### Exercise aim
Reproduce the data in its entirety, exactly as supplied.

### Task material

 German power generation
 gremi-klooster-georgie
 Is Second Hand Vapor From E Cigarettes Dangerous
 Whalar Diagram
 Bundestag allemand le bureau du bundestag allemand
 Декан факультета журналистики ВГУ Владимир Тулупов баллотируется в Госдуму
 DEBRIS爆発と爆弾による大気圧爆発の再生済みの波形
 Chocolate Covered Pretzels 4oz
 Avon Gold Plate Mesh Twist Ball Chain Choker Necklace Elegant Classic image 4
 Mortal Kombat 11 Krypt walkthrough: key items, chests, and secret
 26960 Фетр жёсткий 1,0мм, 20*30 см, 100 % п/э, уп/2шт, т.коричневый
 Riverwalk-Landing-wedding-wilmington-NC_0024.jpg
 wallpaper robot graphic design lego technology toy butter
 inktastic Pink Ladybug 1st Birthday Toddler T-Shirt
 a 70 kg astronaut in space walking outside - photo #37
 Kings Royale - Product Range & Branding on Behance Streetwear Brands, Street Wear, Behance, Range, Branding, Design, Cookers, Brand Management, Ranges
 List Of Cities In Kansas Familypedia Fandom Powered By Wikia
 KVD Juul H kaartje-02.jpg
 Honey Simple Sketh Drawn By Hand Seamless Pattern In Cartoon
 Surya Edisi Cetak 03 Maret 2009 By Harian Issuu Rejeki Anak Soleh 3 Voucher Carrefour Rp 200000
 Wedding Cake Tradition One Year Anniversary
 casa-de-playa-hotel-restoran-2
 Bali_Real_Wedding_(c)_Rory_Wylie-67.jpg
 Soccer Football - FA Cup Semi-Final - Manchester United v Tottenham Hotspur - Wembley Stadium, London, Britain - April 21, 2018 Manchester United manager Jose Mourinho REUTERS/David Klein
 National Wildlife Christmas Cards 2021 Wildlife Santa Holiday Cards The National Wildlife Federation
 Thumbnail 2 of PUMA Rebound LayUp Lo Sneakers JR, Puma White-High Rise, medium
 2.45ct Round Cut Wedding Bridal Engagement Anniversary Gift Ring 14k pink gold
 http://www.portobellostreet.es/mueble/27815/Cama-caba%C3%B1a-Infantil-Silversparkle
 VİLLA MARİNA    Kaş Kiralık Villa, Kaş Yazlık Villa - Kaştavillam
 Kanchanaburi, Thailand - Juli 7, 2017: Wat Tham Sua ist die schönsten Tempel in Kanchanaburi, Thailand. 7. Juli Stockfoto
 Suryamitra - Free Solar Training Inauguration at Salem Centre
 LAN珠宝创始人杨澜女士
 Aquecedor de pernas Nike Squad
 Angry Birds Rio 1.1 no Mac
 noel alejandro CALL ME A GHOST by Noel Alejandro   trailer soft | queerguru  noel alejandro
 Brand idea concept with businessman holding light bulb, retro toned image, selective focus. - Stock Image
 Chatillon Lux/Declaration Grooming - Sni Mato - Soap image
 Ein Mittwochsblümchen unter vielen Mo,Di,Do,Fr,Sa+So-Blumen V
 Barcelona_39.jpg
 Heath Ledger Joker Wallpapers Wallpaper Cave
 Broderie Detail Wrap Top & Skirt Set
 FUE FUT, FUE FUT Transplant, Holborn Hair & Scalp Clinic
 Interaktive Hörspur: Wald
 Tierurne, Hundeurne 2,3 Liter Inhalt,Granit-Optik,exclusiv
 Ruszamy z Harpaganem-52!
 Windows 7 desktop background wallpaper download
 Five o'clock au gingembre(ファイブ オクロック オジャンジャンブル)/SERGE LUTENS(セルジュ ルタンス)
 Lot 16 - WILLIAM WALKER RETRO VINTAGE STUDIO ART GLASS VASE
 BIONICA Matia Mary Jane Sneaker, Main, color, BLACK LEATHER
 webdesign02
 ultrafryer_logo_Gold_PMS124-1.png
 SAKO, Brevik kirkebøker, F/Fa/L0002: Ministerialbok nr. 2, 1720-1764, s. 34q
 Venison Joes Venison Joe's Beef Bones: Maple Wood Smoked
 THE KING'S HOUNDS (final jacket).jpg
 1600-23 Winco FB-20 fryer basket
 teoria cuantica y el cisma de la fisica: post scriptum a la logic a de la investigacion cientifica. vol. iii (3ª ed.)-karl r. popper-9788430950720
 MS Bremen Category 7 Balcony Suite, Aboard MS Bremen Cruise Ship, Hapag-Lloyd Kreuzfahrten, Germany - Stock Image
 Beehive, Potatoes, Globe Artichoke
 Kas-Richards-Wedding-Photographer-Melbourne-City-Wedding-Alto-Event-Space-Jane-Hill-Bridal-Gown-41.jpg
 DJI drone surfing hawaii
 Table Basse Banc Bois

### Reply
 German power generation
 gremi-klooster-georgie
 Is Second Hand Vapor From E Cigarettes Dangerous
 Whalar Diagram
 Bundestag allemand le bureau du bundestag allemand
 Декан факультета журналистики ВГУ Владимир Тулупов баллотируется в Госдуму
 DEBRIS爆発と爆弾による大気圧爆発の再生済みの波形
 Chocolate Covered Pretzels 4oz
 Avon Gold Plate Mesh Twist Ball Chain Choker Necklace Elegant Classic image 4
 Mortal Kombat 11 Krypt walkthrough: key items, chests, and secret
 26960 Фетр жёсткий 1,0мм, 20*30 см, 100 % п/э, уп/2шт, т.коричневый
 Riverwalk-Landing-wedding-wilmington-NC_0024.jpg
 wallpaper robot graphic design lego technology toy butter
 inktastic Pink Ladybug 1st Birthday Toddler T-Shirt
 a 70 kg astronaut in space walking outside - photo #37
 Kings Royale - Product Range & Branding on Behance Streetwear Brands, Street Wear, Behance, Range, Branding, Design, Cookers, Brand Management, Ranges
 List Of Cities In Kansas Familypedia Fandom Powered By Wikia
 KVD Juul H kaartje-02.jpg
 Honey Simple Sketh Drawn By Hand Seamless Pattern In Cartoon
 Surya Edisi Cetak 03 Maret 2009 By Harian Issuu Rejeki Anak Soleh 3 Voucher Carrefour Rp 200000
 Wedding Cake Tradition One Year Anniversary
 casa-de-playa-hotel-restoran-2
 Bali_Real_Wedding_(c)_Rory_Wylie-67.jpg
 Soccer Football - FA Cup Semi-Final - Manchester United v Tottenham Hotspur - Wembley Stadium, London, Britain - April 21, 2018 Manchester United manager Jose Mourinho REUTERS/David Klein
 National Wildlife Christmas Cards 2021 Wildlife Santa Holiday Cards The National Wildlife Federation
 Thumbnail 2 of PUMA Rebound LayUp Lo Sneakers JR, Puma White-High Rise, medium
 2.45ct Round Cut Wedding Bridal Engagement Anniversary Gift Ring 14k pink gold
 http://www.portobellostreet.es/mueble/27815/Cama-caba%C3%B1a-Infantil-Silversparkle
 VİLLA MARİNA    Kaş Kiralık Villa, Kaş Yazlık Villa - Kaştavillam
 Kanchanaburi, Thailand - Juli 7, 2017: Wat Tham Sua ist die schönsten Tempel in Kanchanaburi, Thailand. 7. Juli Stockfoto
 Suryamitra - Free Solar Training Inauguration at Salem Centre
 LAN珠宝创始人杨澜女士
 Aquecedor de pernas Nike Squad
 Angry Birds Rio 1.1 no Mac
 noel alejandro CALL ME A GHOST by Noel Alejandro   trailer soft | queerguru  noel alejandro
 Brand idea concept with businessman holding light bulb, retro toned image, selective focus. - Stock Image
 Chatillon Lux/Declaration Grooming - Sni Mato - Soap image
 Ein Mittwochsblümchen unter vielen Mo,Di,Do,Fr,Sa+So-Blumen V
 Barcelona_39.jpg
 Heath Ledger Joker Wallpapers Wallpaper Cave
 Broderie Detail Wrap Top & Skirt Set
 FUE FUT, FUE FUT Transplant, Holborn Hair & Scalp Clinic
 Interaktive Hörspur: Wald
 Tierurne, Hundeurne 2,3 Liter Inhalt,Granit-Optik,exclusiv
 Ruszamy z Harpaganem-52!
 Windows 7 desktop background wallpaper download
 Five o'clock au gingembre(ファイブ オクロック オジャンジャンブル)/SERGE LUTENS(セルジュ ルタンス)
 Lot 16 - WILLIAM WALKER RETRO VINTAGE STUDIO ART GLASS VASE
 BIONICA Matia Mary Jane Sneaker, Main, color, BLACK LEATHER
 webdesign02
 ultrafryer_logo_Gold_PMS124-1.png
 SAKO, Brevik kirkebøker, F/Fa/L0002: Ministerialbok nr. 2, 1720-1764, s. 34q
 Venison Joes Venison Joe's Beef Bones: Maple Wood Smoked
 THE KING'S HOUNDS (final jacket).jpg
 1600-23 Winco FB-20 fryer basket
 teoria cuantica y el cisma de la fisica: post scriptum a la logic a de la investigacion cientifica. vol. iii (3ª ed.)-karl r. popper-9788430950720
 MS Bremen Category 7 Balcony Suite, Aboard MS Bremen Cruise Ship, Hapag-Lloyd Kreuzfahrten, Germany - Stock Image
 Beehive, Potatoes, Globe Artichoke
 Kas-Richards-Wedding-Photographer-Melbourne-City-Wedding-Alto-Event-Space-Jane-Hill-Bridal-Gown-41.jpg
 DJI drone surfing hawaii
 Table Basse Banc Bois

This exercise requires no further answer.